Friday, October 1, 2010

Classic Film Friday: The Apartment

New tradition I've just decided on: Classic Film Friday posts about my favorite films! How exciting is that!


This week, I'll be monologuing on The Apartment (Jack Lemmon, Shirley MacLaine, Fred MacMurray, dir. Billy Wilder, 1960).

Plot: Lemmon works at a large NY office building - his bosses (including and most importantly MacMurray, in a rare but tremendous departure from his usual nice guy persona) use his apartment as a kind of lovers' get away, generally with members from the secretary pool. Lemmon has to sit outside his house in whatever the weather, waiting for the shenanigans to be over. He has vague hopes that his services as a pseudo pimp/cheap motel proprietor will be rewarded by a promotion at some point. Enter the complication: MacLaine is an elevator operator in the office building, Lemmon's crush, and MacMurray's long-suffering lady love. MacLaine really is in love with the scummy, cheating, two-faced MacMurray, and, realizing he'll never leave his wife, she tries to commit suicide in poor Lemmon's apartment. I won't give away the rest, but the last iconic line is, "Shut up and deal."
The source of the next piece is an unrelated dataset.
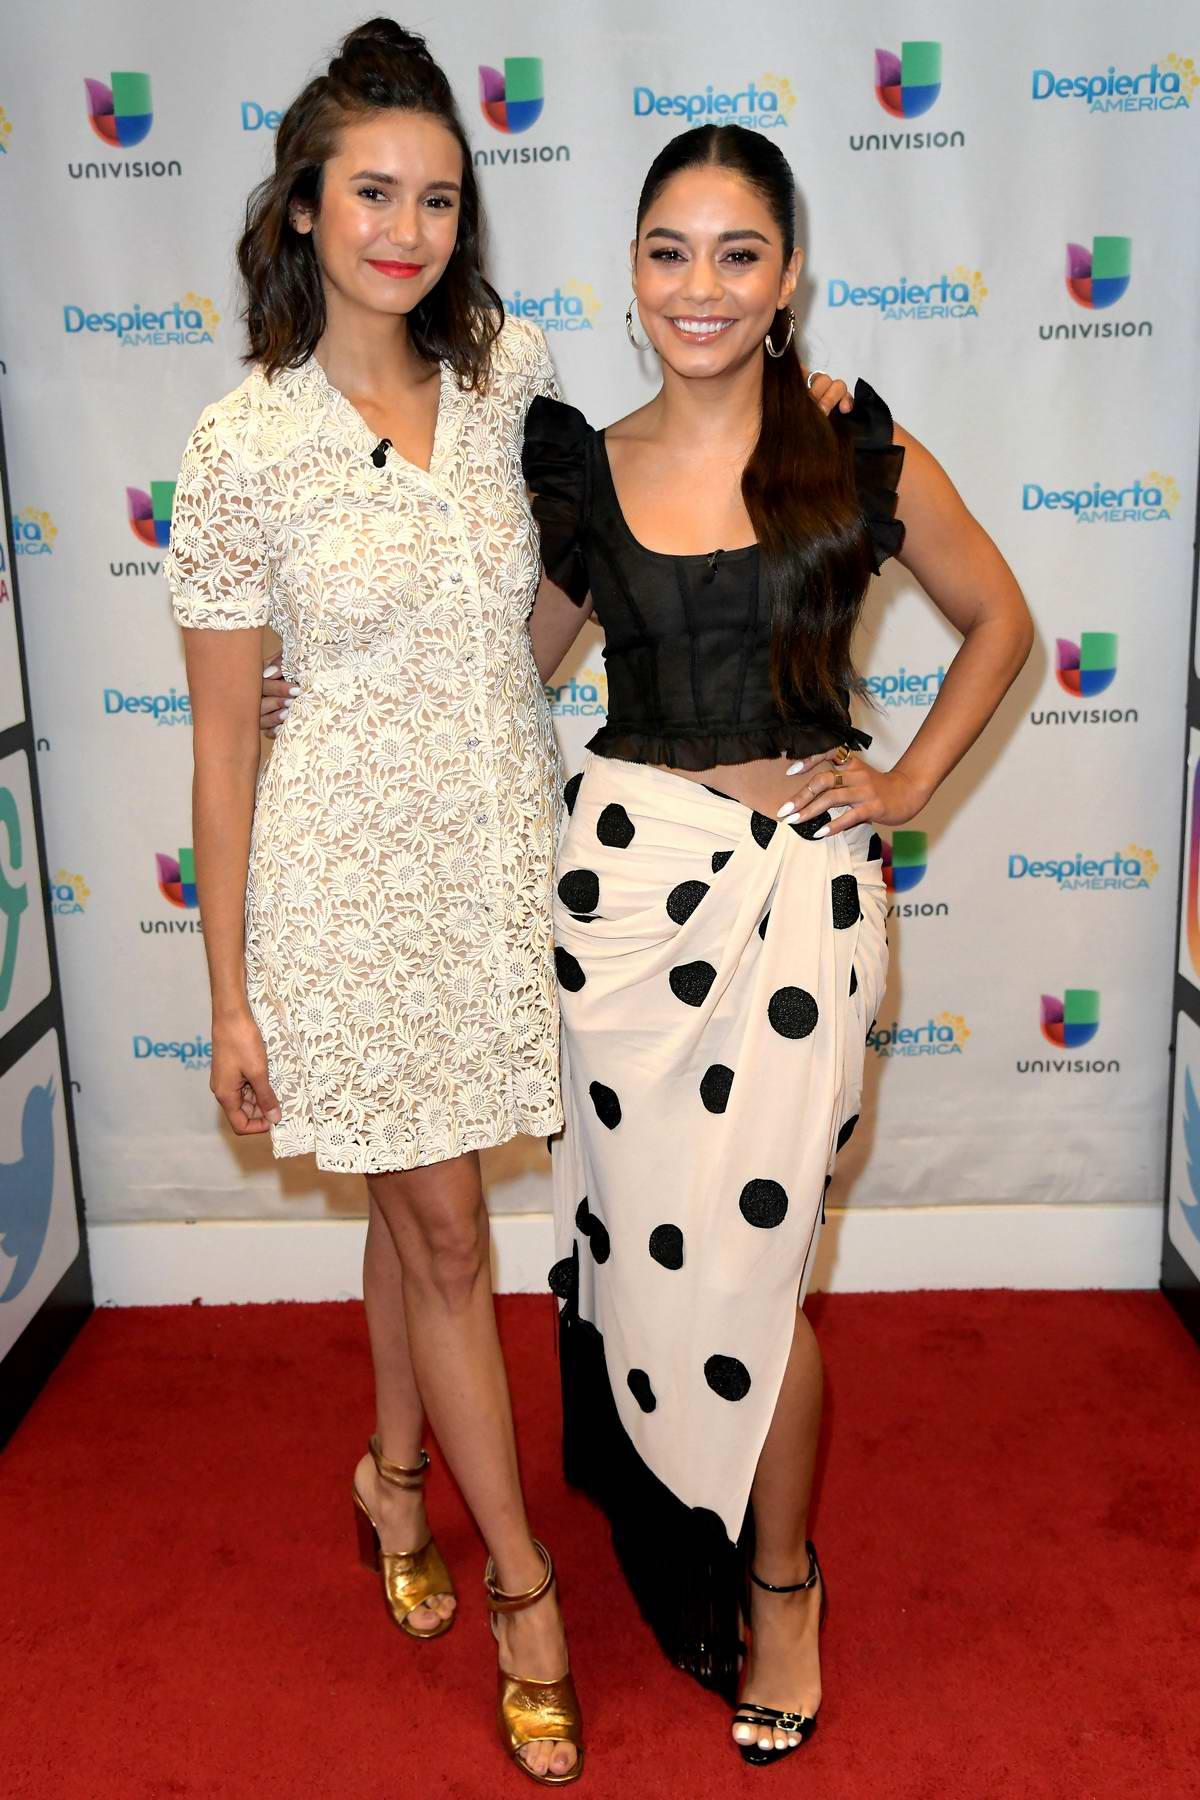 Nina Dobrev and Vanessa Hudgens makes an appearance on 'Despierta America' TV show in Miami, Florida

Thoughts: Fresh off the success of Some Like it Hot, this little gem of Wilder's won five Academy Awards including Best Picture, and in my opinion, totally deserved it. It is one of my favorite films and has been since the first time I saw it about a decade ago. I was on some weird Shirley MacLaine kick after I found out she was the sister of Warren Beatty (one of the greatest crushes of my teenage years thanks to Splendor in the Grass and Bonny and Clyde - even now in his 70s, his smile gives me butterflies) and I'd always loved Jack Lemmon, so this film was a match made in heaven for me. Their parallel prostitution in the emerging corporate culture of America displays a remarkable amount of equality between the sexes, especially considering it was made at the tail end of a decade where gender roles were being stringently redefined into his and hers worlds of home and not home. As mentioned above, MacMurray is cast against type, which seemed to be a bit of a habit with Wilder. His other film with MacMurray, Double Indemnity, has Fred playing a murderous, adulterous, duplicitous insurance agent. Bogart plays one of his softest characters ever in Wilder's Sabrina. His films play with conventions, they look at the world and say, "This is the way you think things are", and then shows you that they simply aren't. Cross dressing, gender equality, the tearing down of class boundaries. Not that I should be surprised at his genius - he is, after all, Austrian and therefore automatically at the top of my list.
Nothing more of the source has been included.